_Assignment_. Restate all of the following data exactly, keeping any images out of the copy.

--- Supplied material Enclosed Below ---

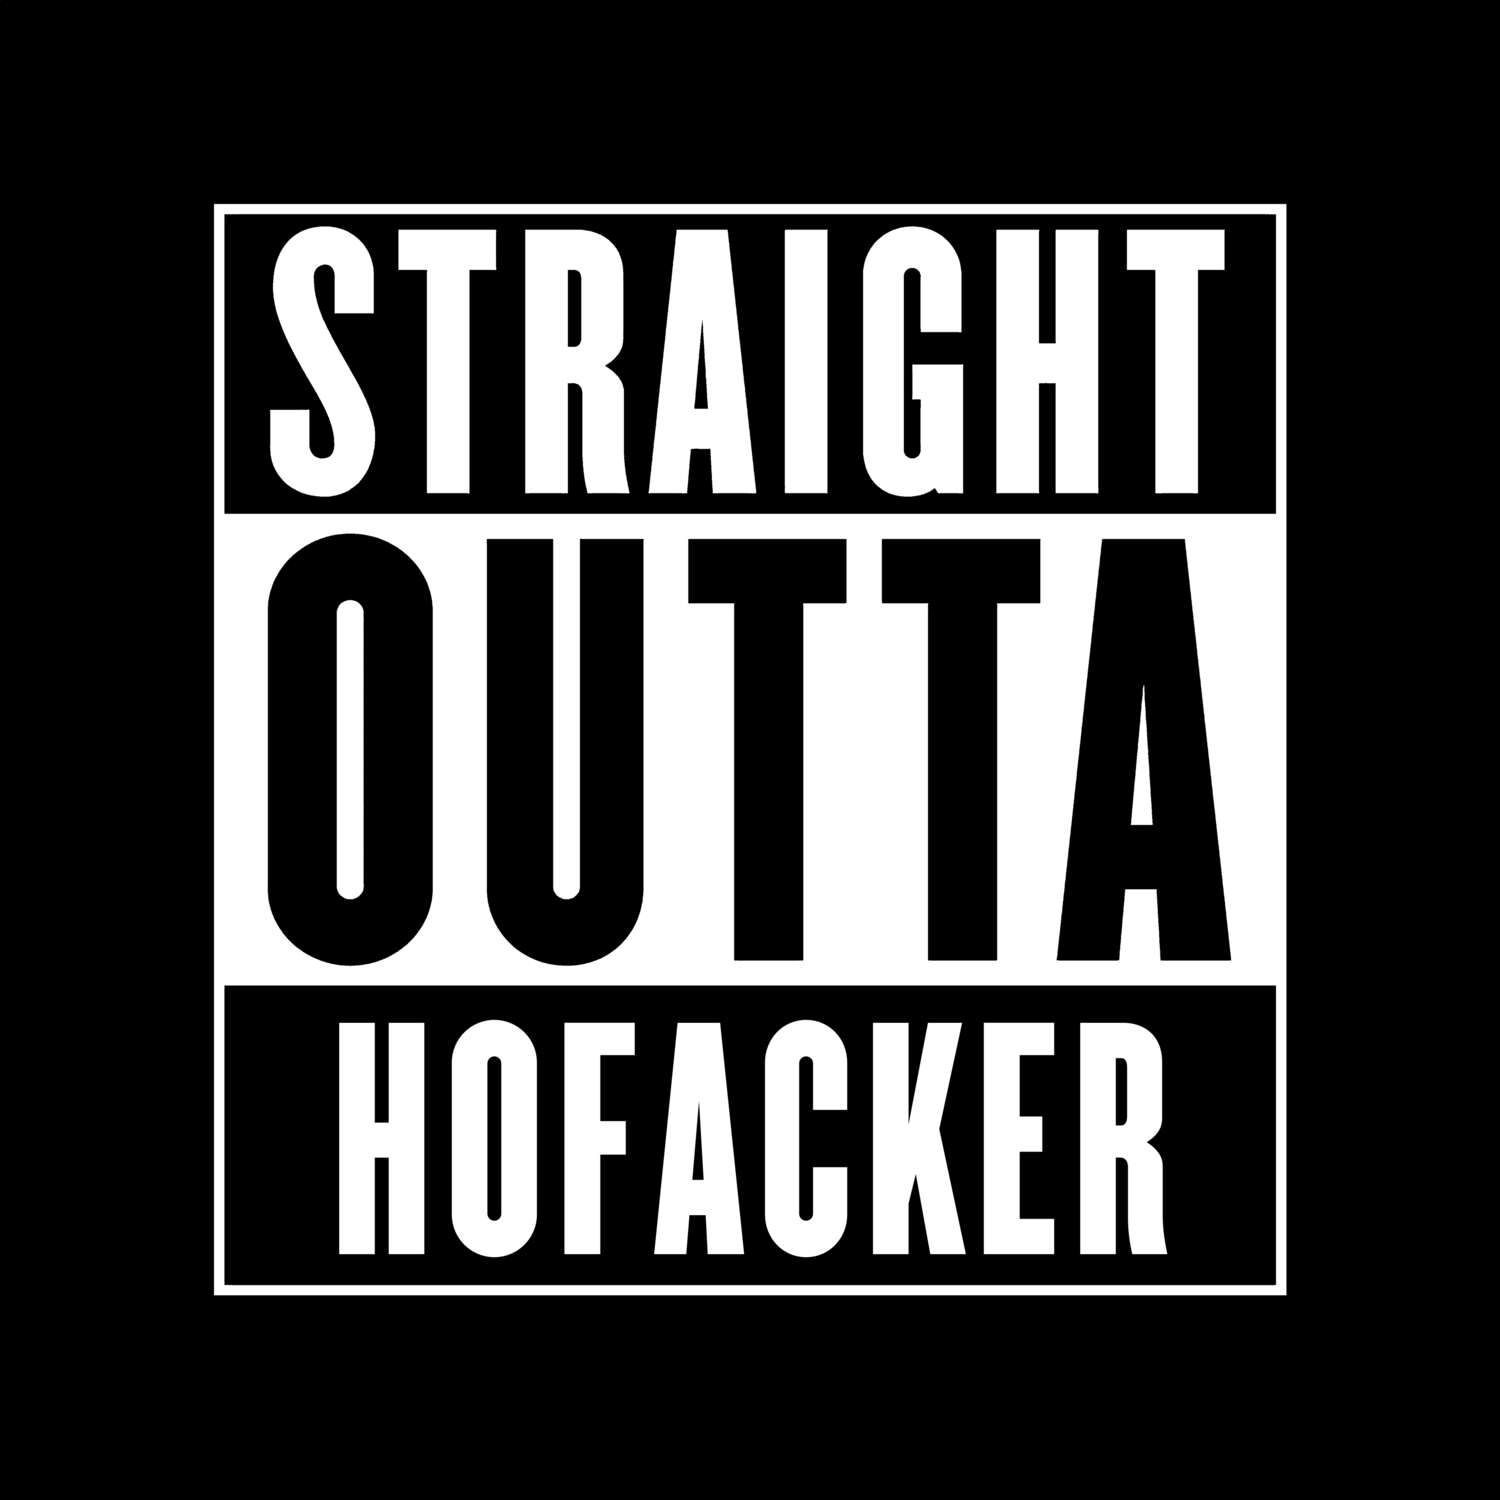 Hofacker T-Shirt »Straight Outta«
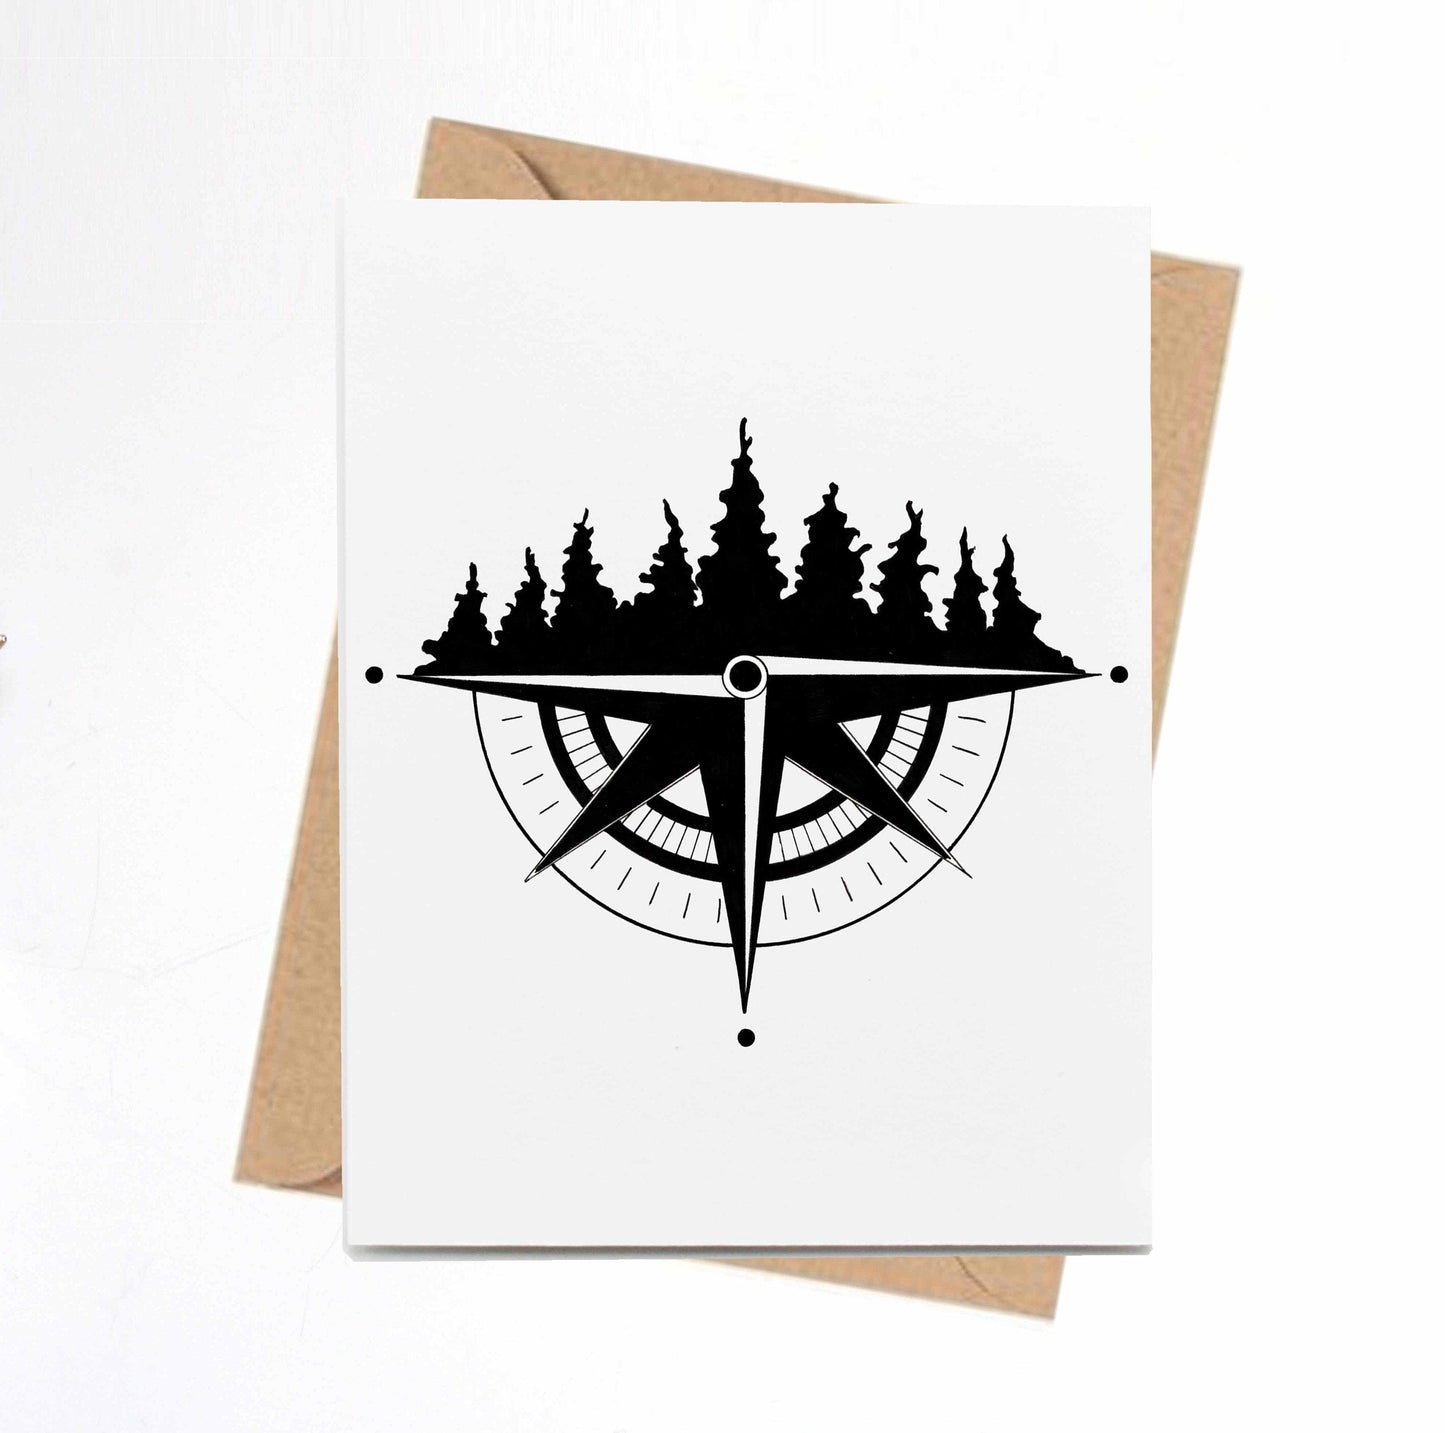 PinkPolish Design Note Cards "Tree Ridge Compass" Handmade Notecard
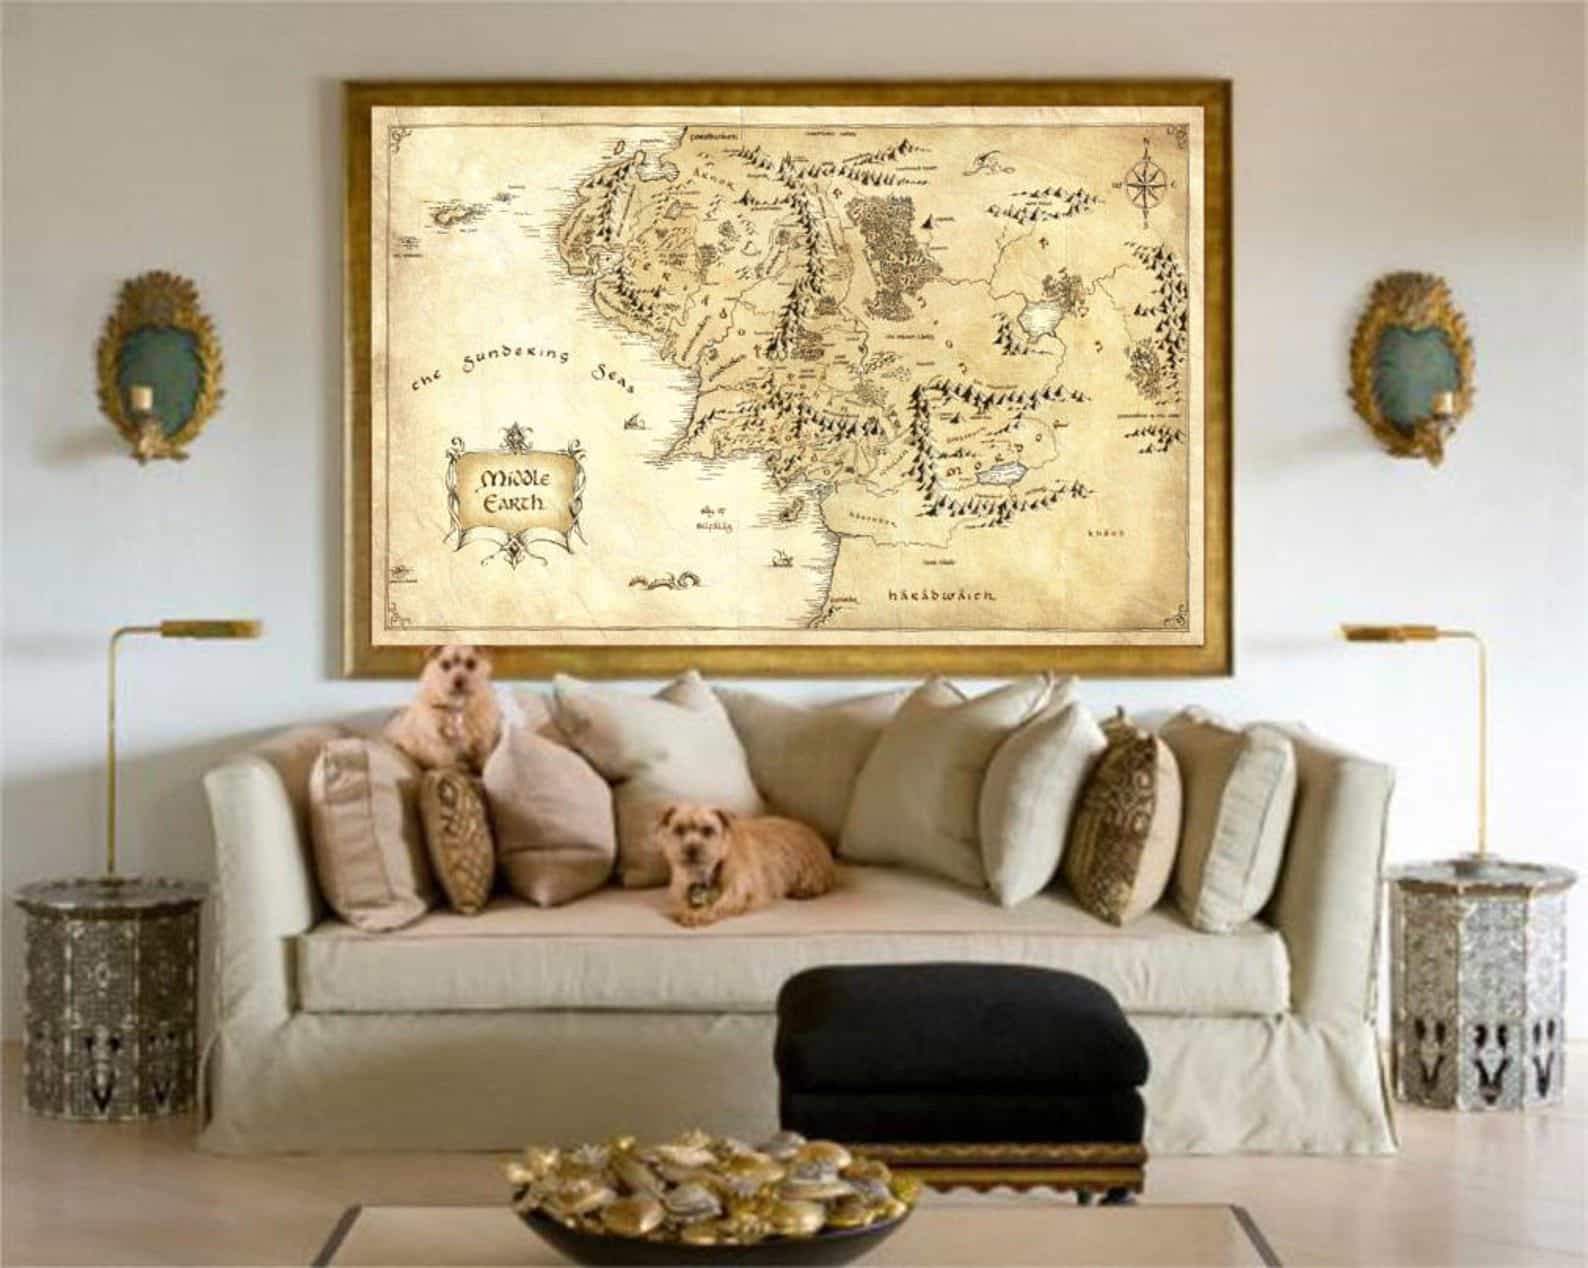 Festive, elegant map of Middle Earth from J.R.R. Tolkien's beloved 
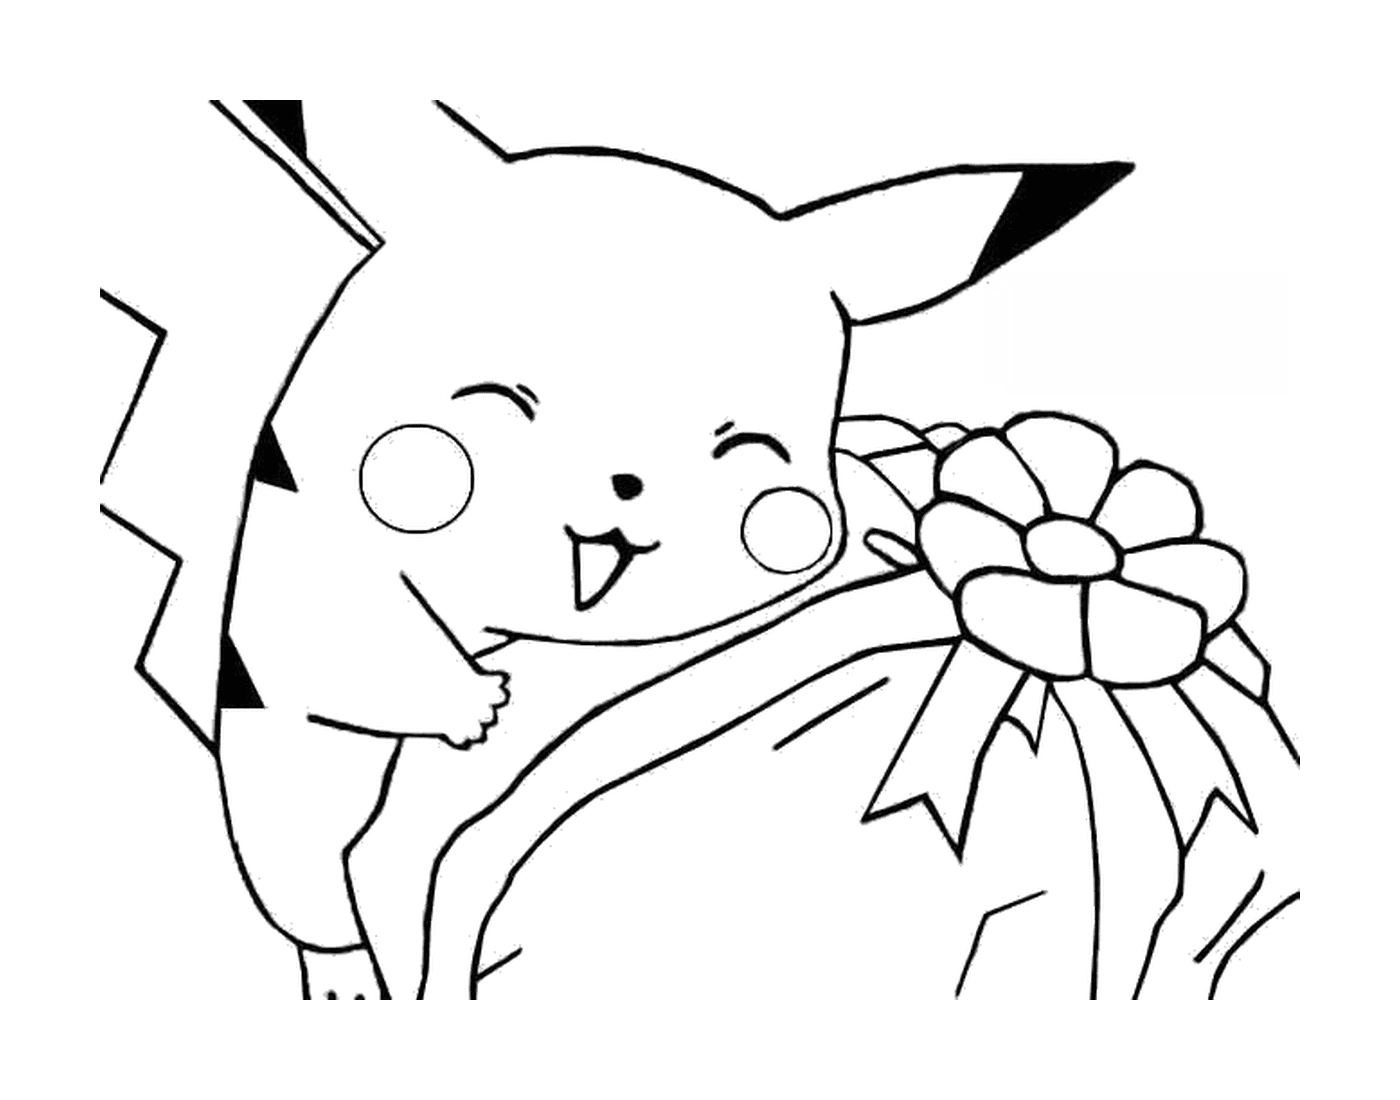  Pikachu ofrece un regalo

--- End of Enclosed Supplied material ---

_Exercise response_.
 Hofacker T-Shirt »Straight Outta«
 PinkPolish Design Note Cards "Tree Ridge Compass" Handmade Notecard
 Festive, elegant map of Middle Earth from J.R.R. Tolkien's beloved 
  Pikachu ofrece un regalo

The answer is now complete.